WHAT YOU SHOULD DO: From the listing below, restate word for word the lines from the line containing "Đại diện chỉ" down through the line containing "2023第十届中国（北京）国际老年产业博览会（CBIAIE北京老博会）". Exclude pictures.

TASK INPUTS:
- Opening Delimiter -

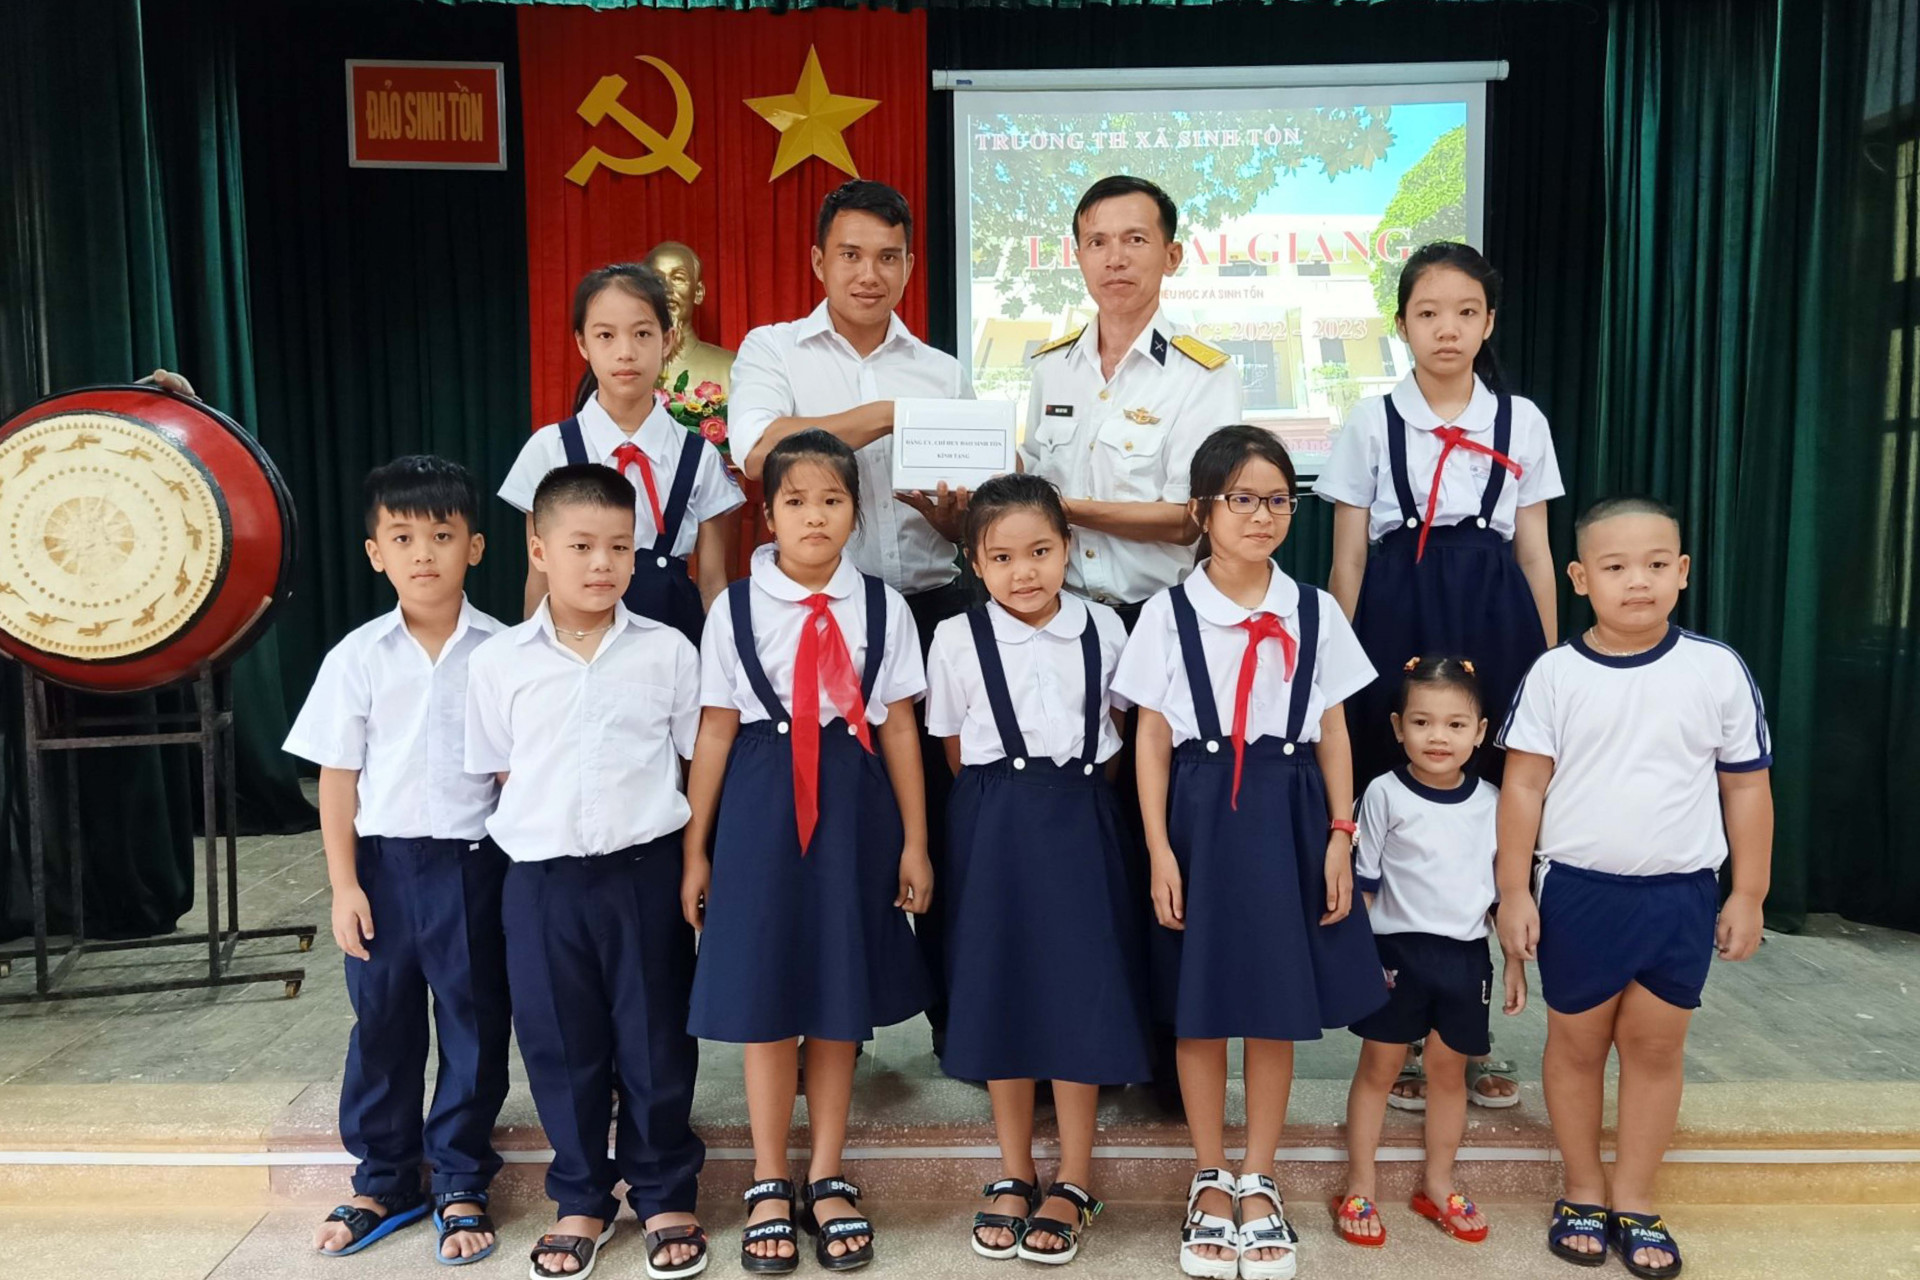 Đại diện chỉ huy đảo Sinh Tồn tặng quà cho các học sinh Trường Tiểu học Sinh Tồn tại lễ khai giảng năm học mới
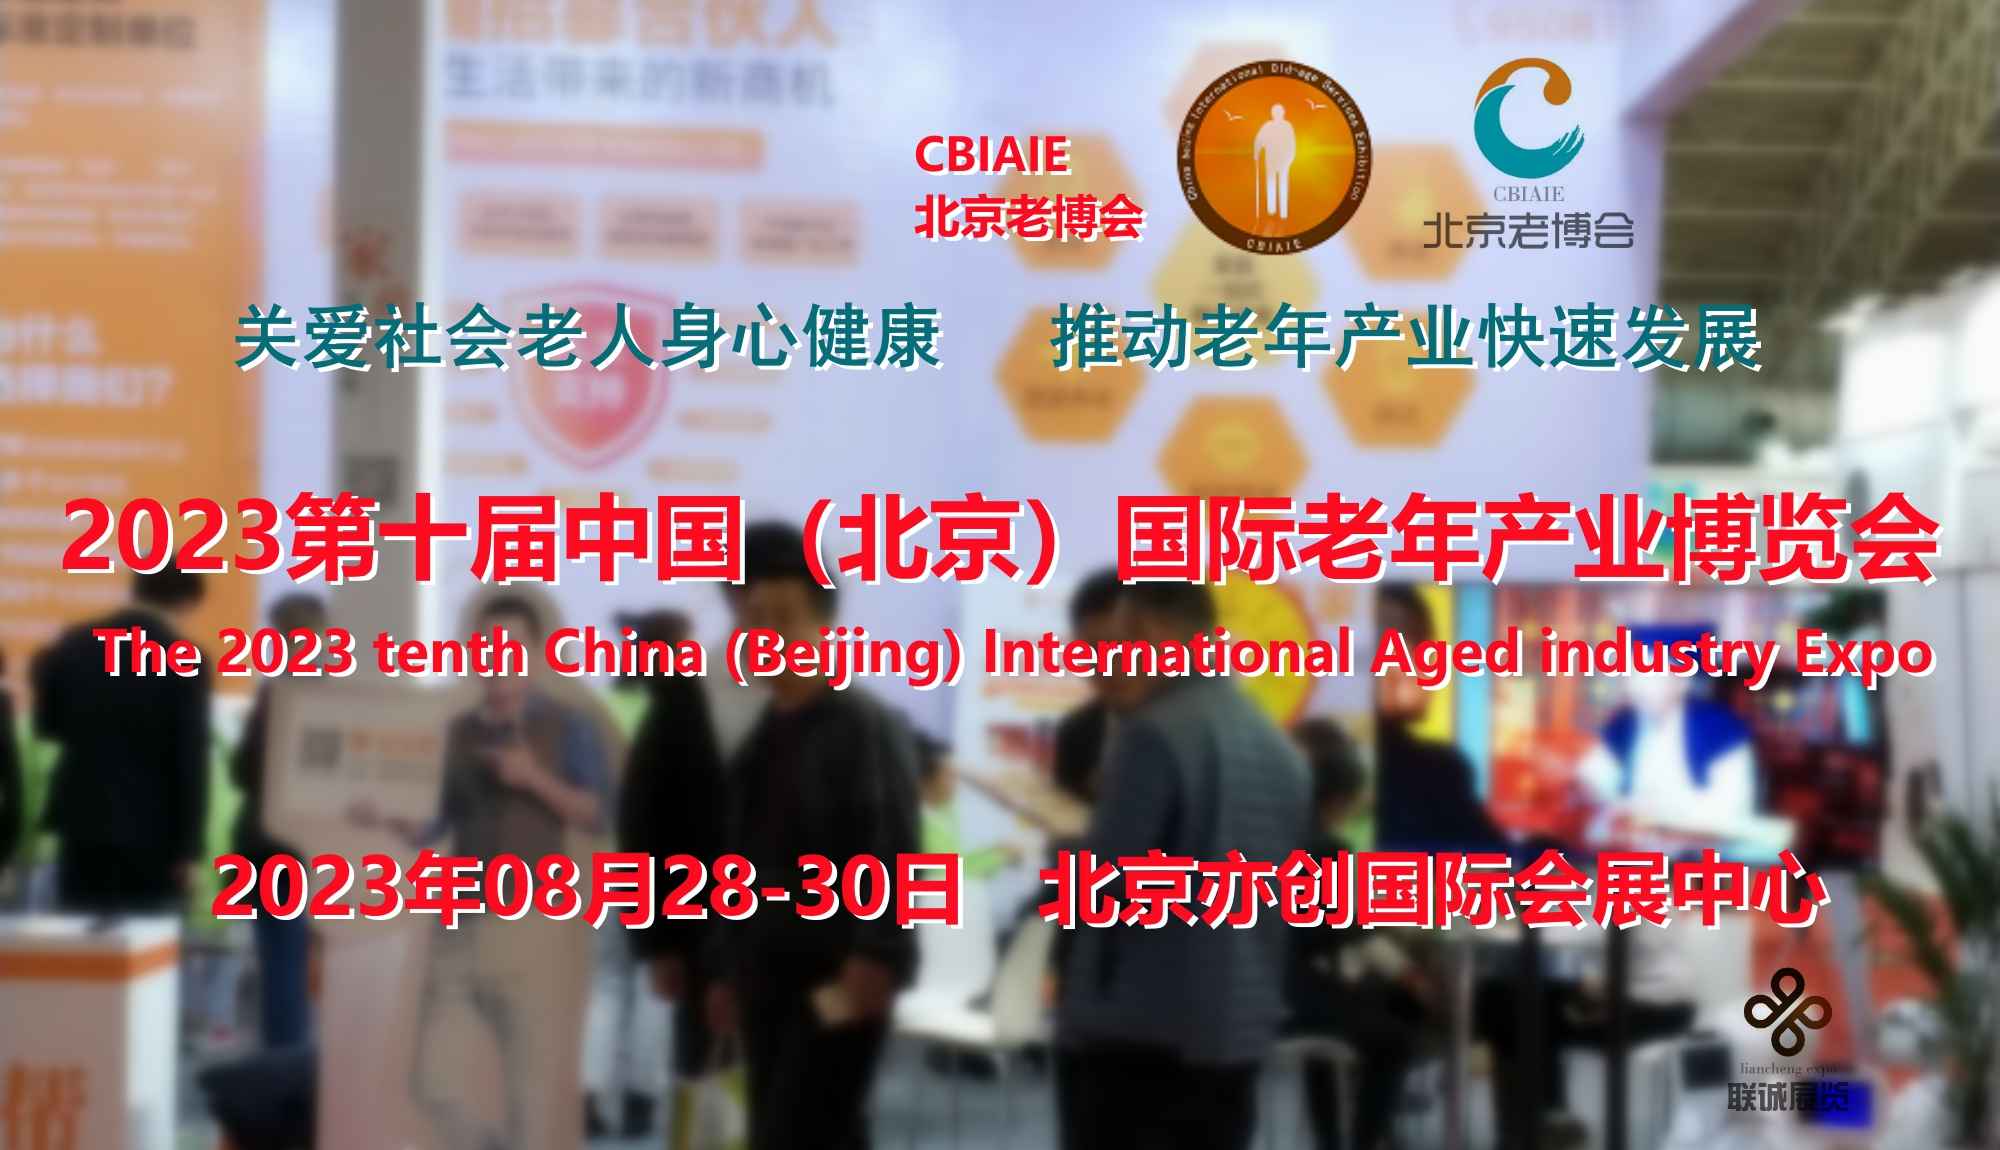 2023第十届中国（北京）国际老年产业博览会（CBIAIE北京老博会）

- Closing Delimiter -
- Opening Delimiter -

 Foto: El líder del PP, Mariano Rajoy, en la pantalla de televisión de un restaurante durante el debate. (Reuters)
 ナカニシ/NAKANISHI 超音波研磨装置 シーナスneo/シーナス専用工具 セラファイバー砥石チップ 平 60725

- Closing Delimiter -
- Opening Delimiter -

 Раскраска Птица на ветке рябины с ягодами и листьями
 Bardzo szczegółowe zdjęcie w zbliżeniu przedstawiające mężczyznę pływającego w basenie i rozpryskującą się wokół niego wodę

- Closing Delimiter -

SOLUTION TO THIS TASK:
 Đại diện chỉ huy đảo Sinh Tồn tặng quà cho các học sinh Trường Tiểu học Sinh Tồn tại lễ khai giảng năm học mới
 2023第十届中国（北京）国际老年产业博览会（CBIAIE北京老博会）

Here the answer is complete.